WHAT YOU SHOULD DO
Your task is to reproduce exactly the lines that run from the beginning of the data through the line where "Dimensions: 52 x 35 x 35 cm" appears.

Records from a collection
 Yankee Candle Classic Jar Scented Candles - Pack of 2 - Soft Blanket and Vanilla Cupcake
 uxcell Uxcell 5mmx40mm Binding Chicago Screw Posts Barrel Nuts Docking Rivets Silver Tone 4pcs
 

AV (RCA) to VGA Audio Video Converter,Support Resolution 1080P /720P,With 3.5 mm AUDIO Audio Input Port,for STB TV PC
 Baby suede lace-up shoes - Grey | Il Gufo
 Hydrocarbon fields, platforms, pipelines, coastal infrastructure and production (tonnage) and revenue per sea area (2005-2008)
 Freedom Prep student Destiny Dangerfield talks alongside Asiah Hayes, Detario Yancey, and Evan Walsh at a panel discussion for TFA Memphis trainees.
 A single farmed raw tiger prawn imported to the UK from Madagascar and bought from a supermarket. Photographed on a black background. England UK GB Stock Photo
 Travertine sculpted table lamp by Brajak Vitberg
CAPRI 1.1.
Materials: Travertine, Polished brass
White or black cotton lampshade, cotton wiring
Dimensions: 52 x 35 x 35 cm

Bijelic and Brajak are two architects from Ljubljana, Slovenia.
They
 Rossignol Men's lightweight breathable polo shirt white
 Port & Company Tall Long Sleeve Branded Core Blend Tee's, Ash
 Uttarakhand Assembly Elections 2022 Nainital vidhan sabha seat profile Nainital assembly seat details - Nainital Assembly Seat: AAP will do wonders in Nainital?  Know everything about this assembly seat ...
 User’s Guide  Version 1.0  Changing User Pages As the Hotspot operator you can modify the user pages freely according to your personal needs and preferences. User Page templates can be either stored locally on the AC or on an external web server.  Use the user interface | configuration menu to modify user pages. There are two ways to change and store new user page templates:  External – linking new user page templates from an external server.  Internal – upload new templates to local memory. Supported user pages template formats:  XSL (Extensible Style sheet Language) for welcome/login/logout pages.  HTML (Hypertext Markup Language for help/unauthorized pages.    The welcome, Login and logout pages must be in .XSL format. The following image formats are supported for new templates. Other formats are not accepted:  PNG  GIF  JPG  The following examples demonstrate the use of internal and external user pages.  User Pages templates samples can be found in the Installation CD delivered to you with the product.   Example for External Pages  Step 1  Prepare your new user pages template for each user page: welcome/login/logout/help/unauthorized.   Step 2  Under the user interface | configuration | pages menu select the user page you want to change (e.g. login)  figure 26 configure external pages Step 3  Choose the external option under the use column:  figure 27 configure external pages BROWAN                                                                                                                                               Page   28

OUTPUT FOR THIS TASK
 Yankee Candle Classic Jar Scented Candles - Pack of 2 - Soft Blanket and Vanilla Cupcake
 uxcell Uxcell 5mmx40mm Binding Chicago Screw Posts Barrel Nuts Docking Rivets Silver Tone 4pcs
 

AV (RCA) to VGA Audio Video Converter,Support Resolution 1080P /720P,With 3.5 mm AUDIO Audio Input Port,for STB TV PC
 Baby suede lace-up shoes - Grey | Il Gufo
 Hydrocarbon fields, platforms, pipelines, coastal infrastructure and production (tonnage) and revenue per sea area (2005-2008)
 Freedom Prep student Destiny Dangerfield talks alongside Asiah Hayes, Detario Yancey, and Evan Walsh at a panel discussion for TFA Memphis trainees.
 A single farmed raw tiger prawn imported to the UK from Madagascar and bought from a supermarket. Photographed on a black background. England UK GB Stock Photo
 Travertine sculpted table lamp by Brajak Vitberg
CAPRI 1.1.
Materials: Travertine, Polished brass
White or black cotton lampshade, cotton wiring
Dimensions: 52 x 35 x 35 cm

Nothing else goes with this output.